### WHAT IS EXPECTED
The required output is the lines from the one with "Download this Souvenir" through the end of the data, repeated verbatim, with no pictures included.

(SUPPLIED INFORMATION begins)

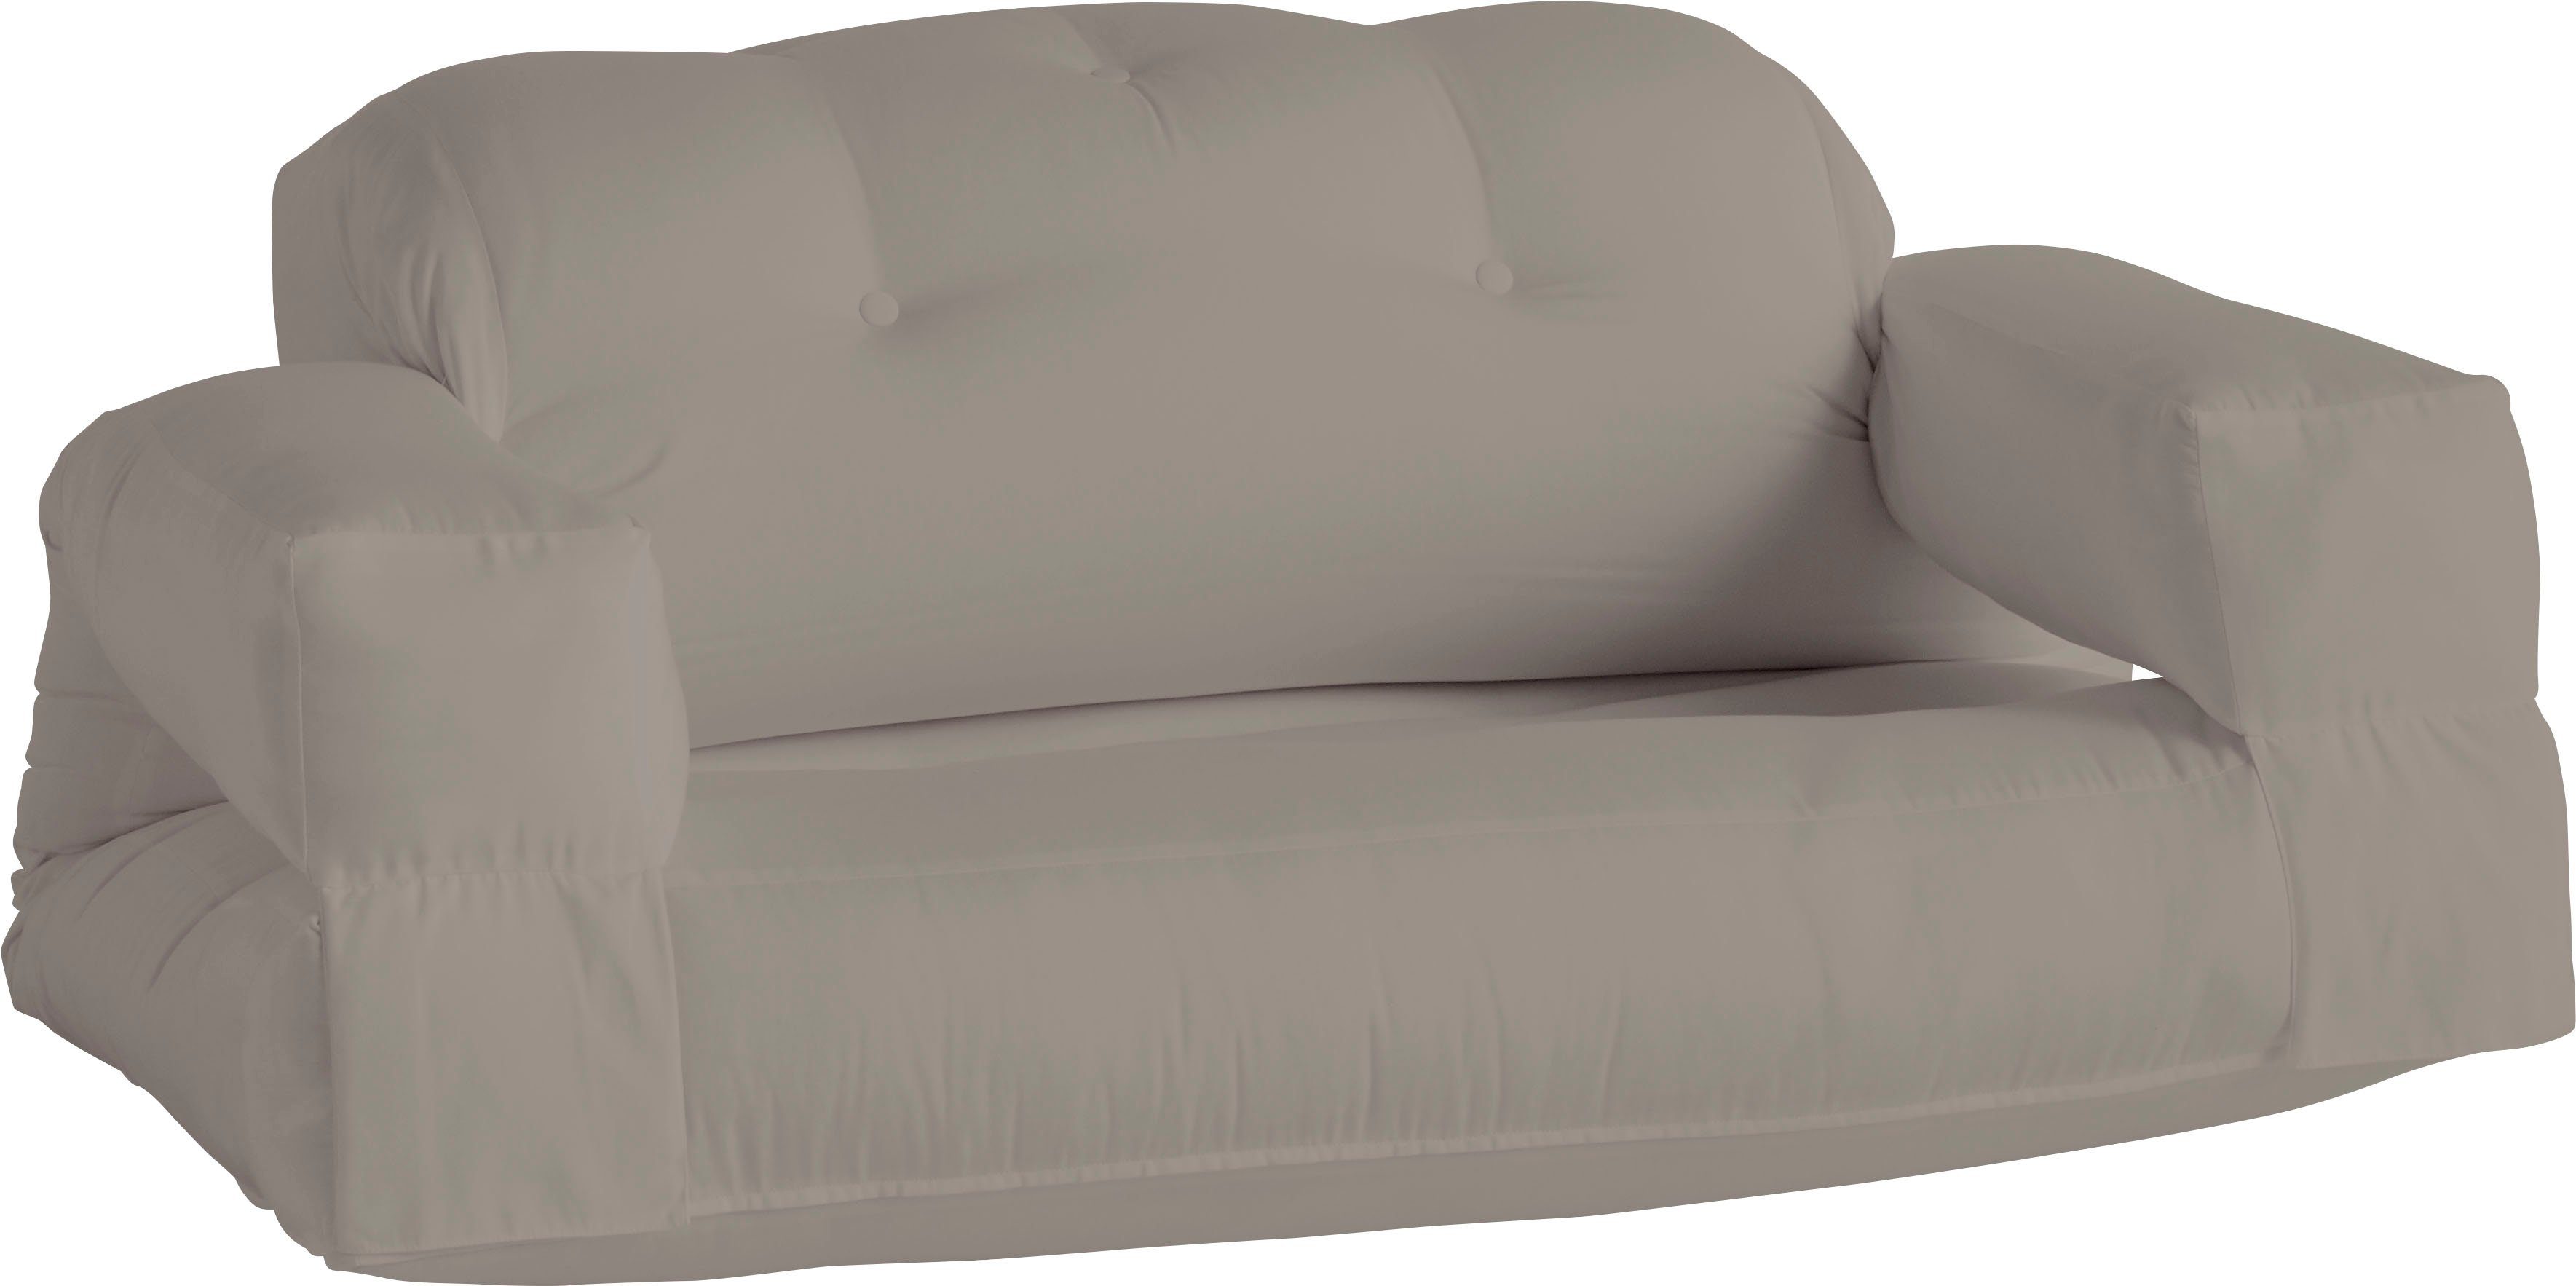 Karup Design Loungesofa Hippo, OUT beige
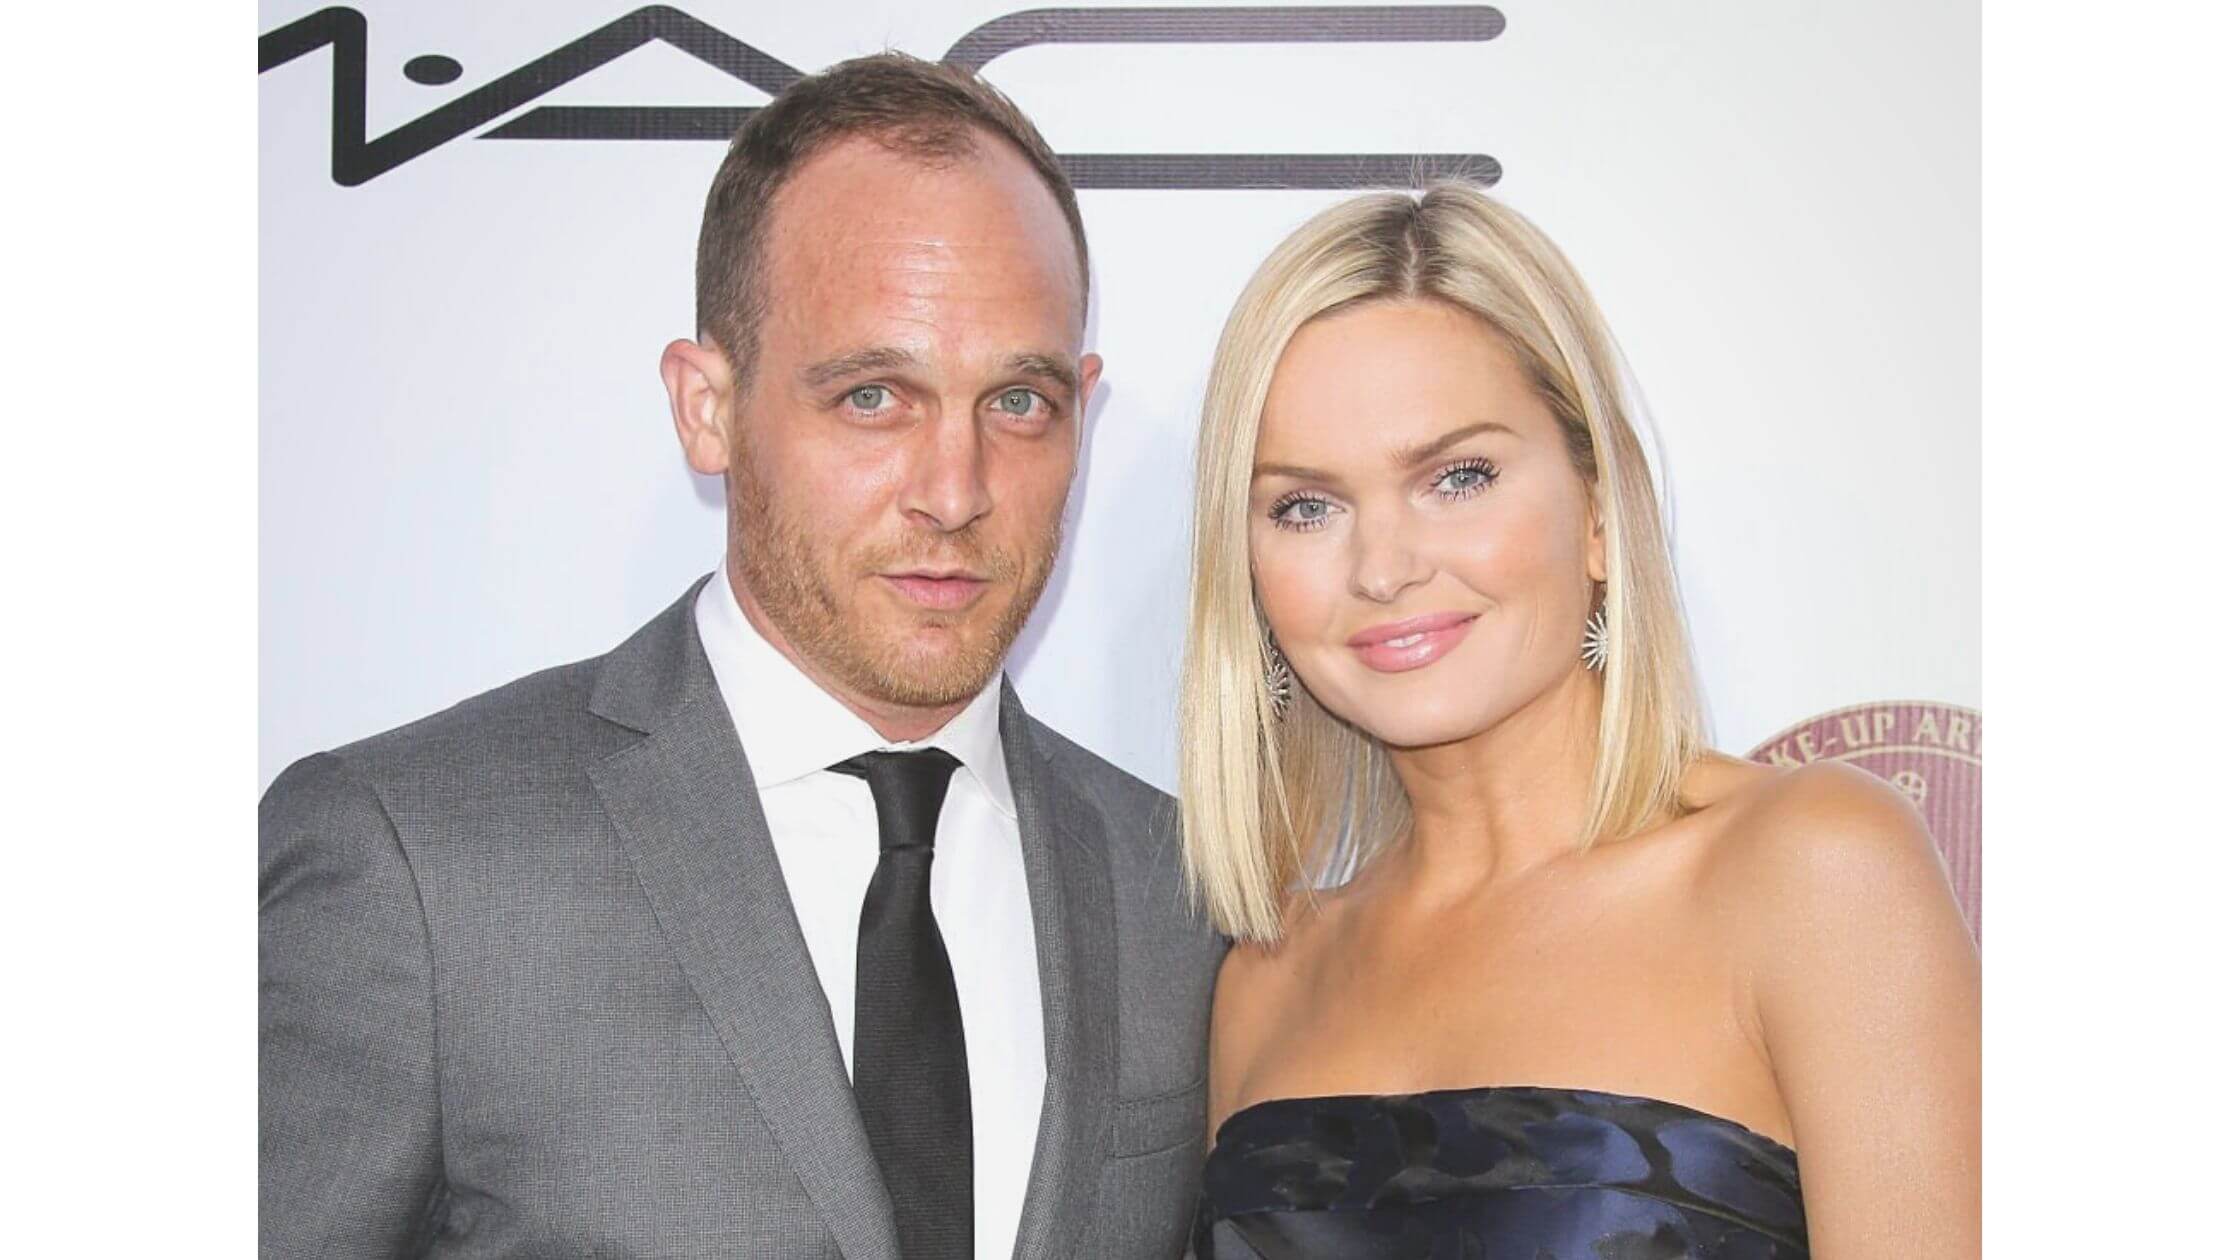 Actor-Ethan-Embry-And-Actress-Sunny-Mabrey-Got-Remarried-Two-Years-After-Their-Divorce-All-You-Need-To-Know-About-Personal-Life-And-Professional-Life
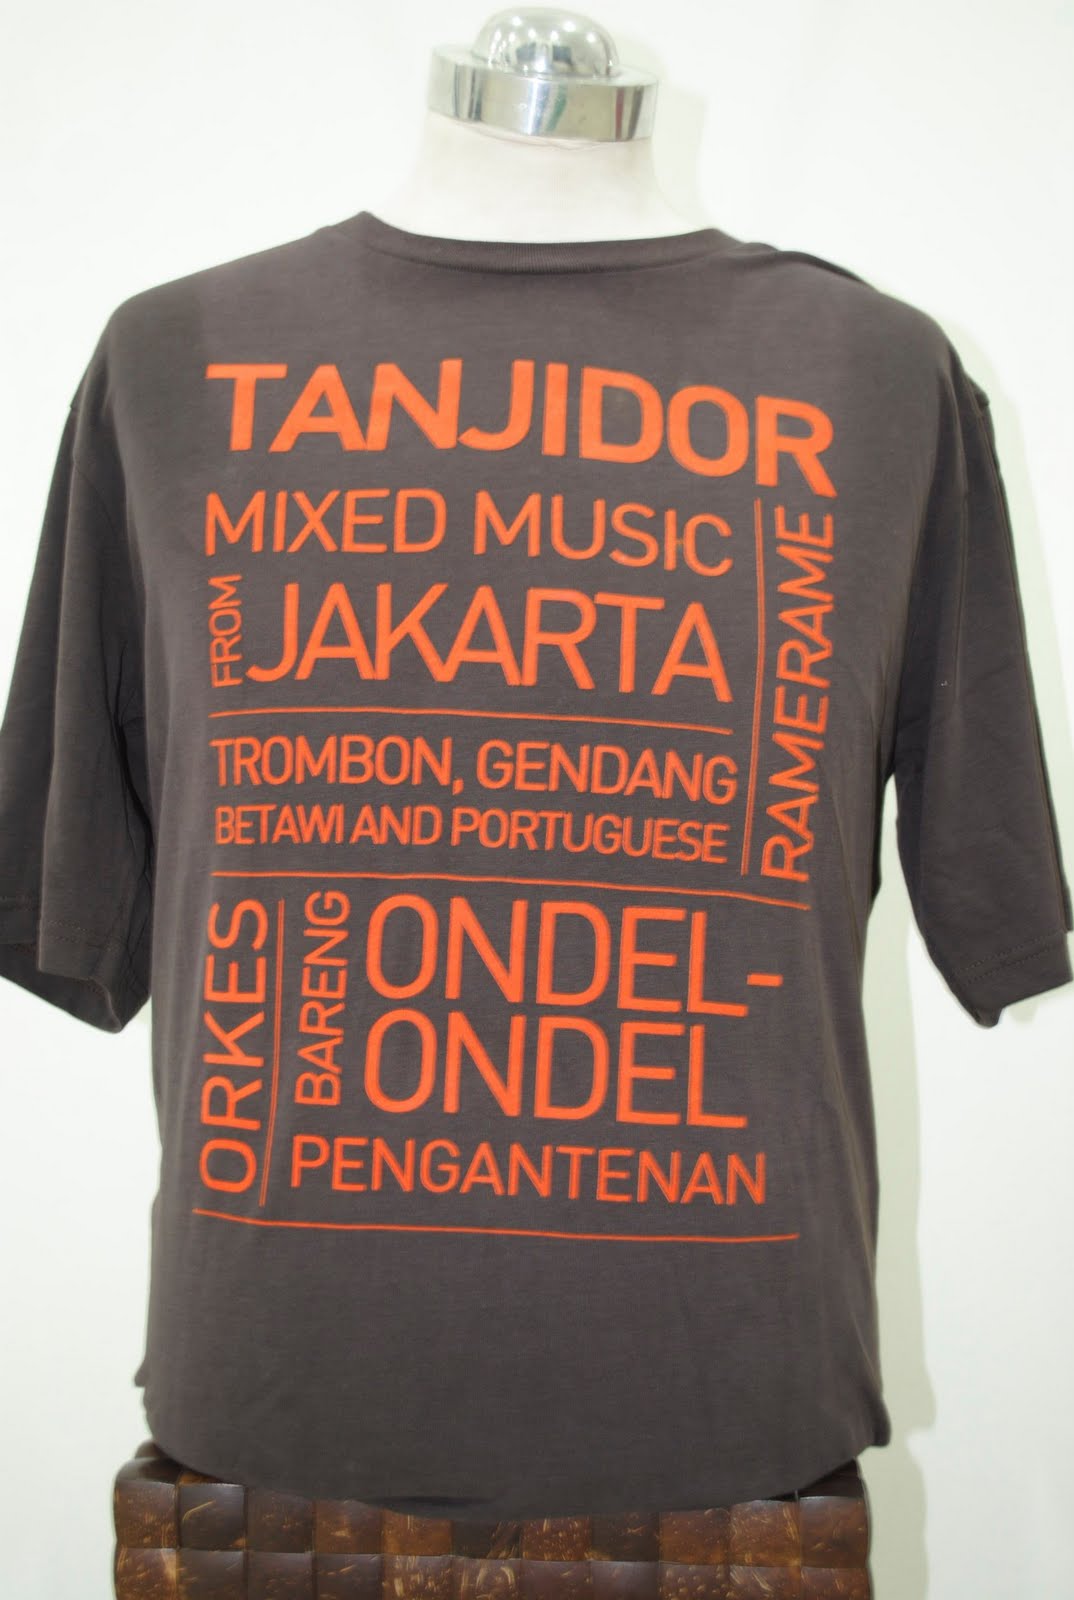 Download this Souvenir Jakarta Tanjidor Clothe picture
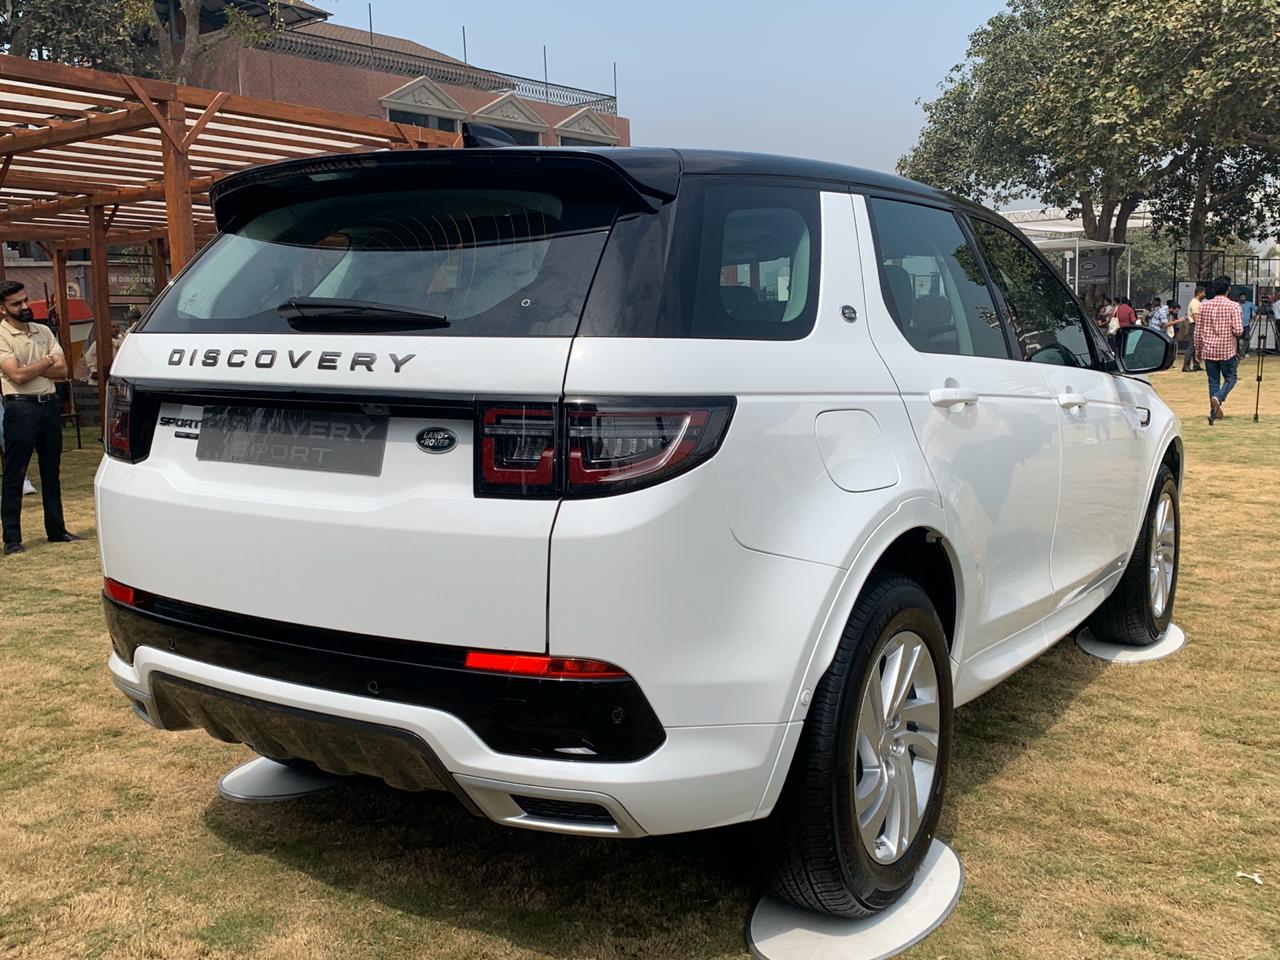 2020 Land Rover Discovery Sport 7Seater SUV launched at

(SUPPLIED INFORMATION ends)

### PROBLEM SOLUTION
 Download this Souvenir Jakarta Tanjidor Clothe picture
 2020 Land Rover Discovery Sport 7Seater SUV launched at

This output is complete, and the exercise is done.